Wind power in Russia has a long history of small-scale use, but the country has not yet developed large-scale commercial wind energy production. 
Most of its current limited wind production is located in agricultural areas with low population densities, where connection to the main energy grid is difficult. 
By 2018, Russia had a total installed wind capacity of 106 MW, a nearly ten-fold increase over 2016 but still a tiny share of the country’s potential.

Russia is estimated to have a total potential of 80,000 TWh/yr for wind energy, 6,218 TWh/yr of which is economically feasible. 
Most of this potential is found in the southern steppes and the seacoasts of the country, although in many of these areas the population density is very low, at less than . 
This low population density means that there is little existing electricity infrastructure currently in place, which hinders development of these resources. 

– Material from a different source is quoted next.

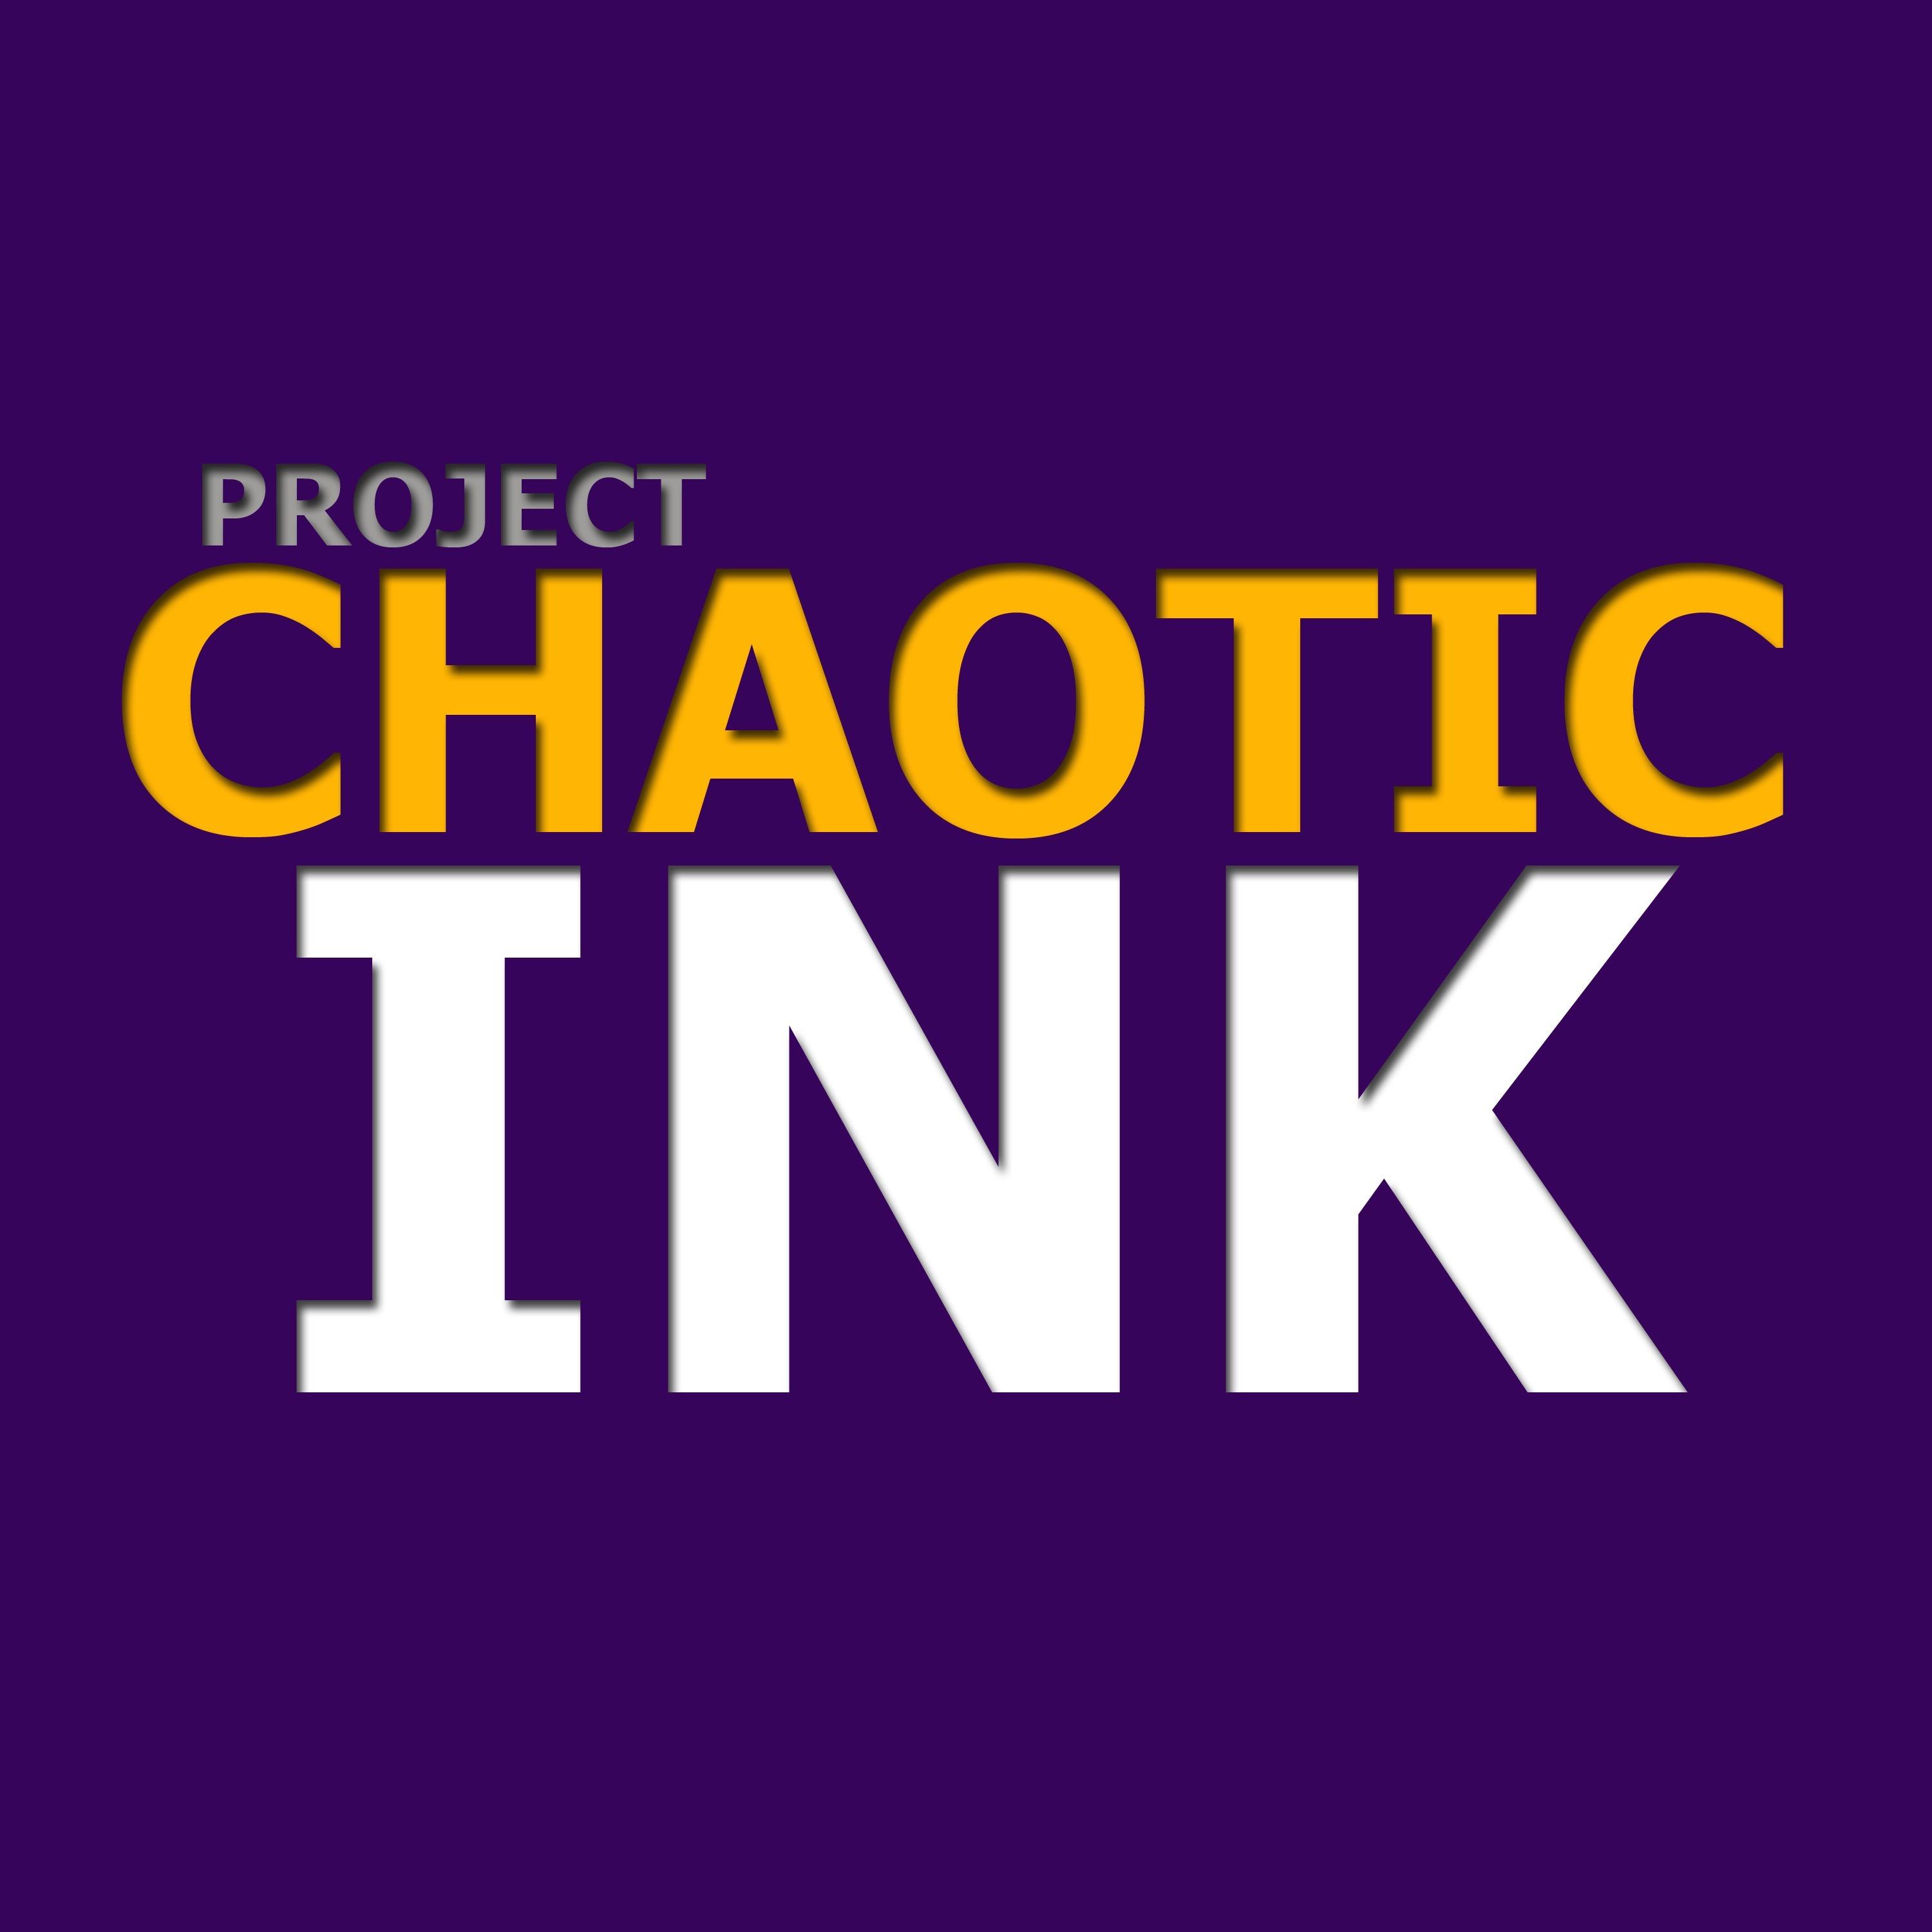 Chaotic INK

Current Russian wind energy projects have a combined capacity of over 1,700 MW, although less than 17 MW had been installed as of the end of 2010. 
The Russian Wind Energy Association predicts that if Russia achieves its goal of having 4.5% of its energy come from renewable sources by 2020, the country will have a total wind capacity of 7,000 MW.

In 2010, plans for the construction of a wind power plant in Yeisk, on the Sea of Azov, were announced. 
It is expected to initially have a capacity of 50 MW, which will become 100 MW a year later. German engineering company Siemens announced in July 2010, following a visit to Russia by Chancellor Angela Merkel, that it would build wind power plants in Russia. 
By 2015, the company hoped to install 1,250 MW of capacity in Russia. As of 2015, capacity was only 15.4 MW.

History 

The first experimental wind power plant (3.5 kW) in the Soviet Union was built in 1931 in Kursk by the project of engineers Ufimtsev and Vetchinkin. To conserve energy during calm winds, a 328 kg flywheel contained in a vacuum chamber was used. The wind generator provided electricity to Ufimtsev's house, including a workshop with machine tools, and also illuminated several other houses along the Semenovskaya street. For more details, see article in Russian wiki.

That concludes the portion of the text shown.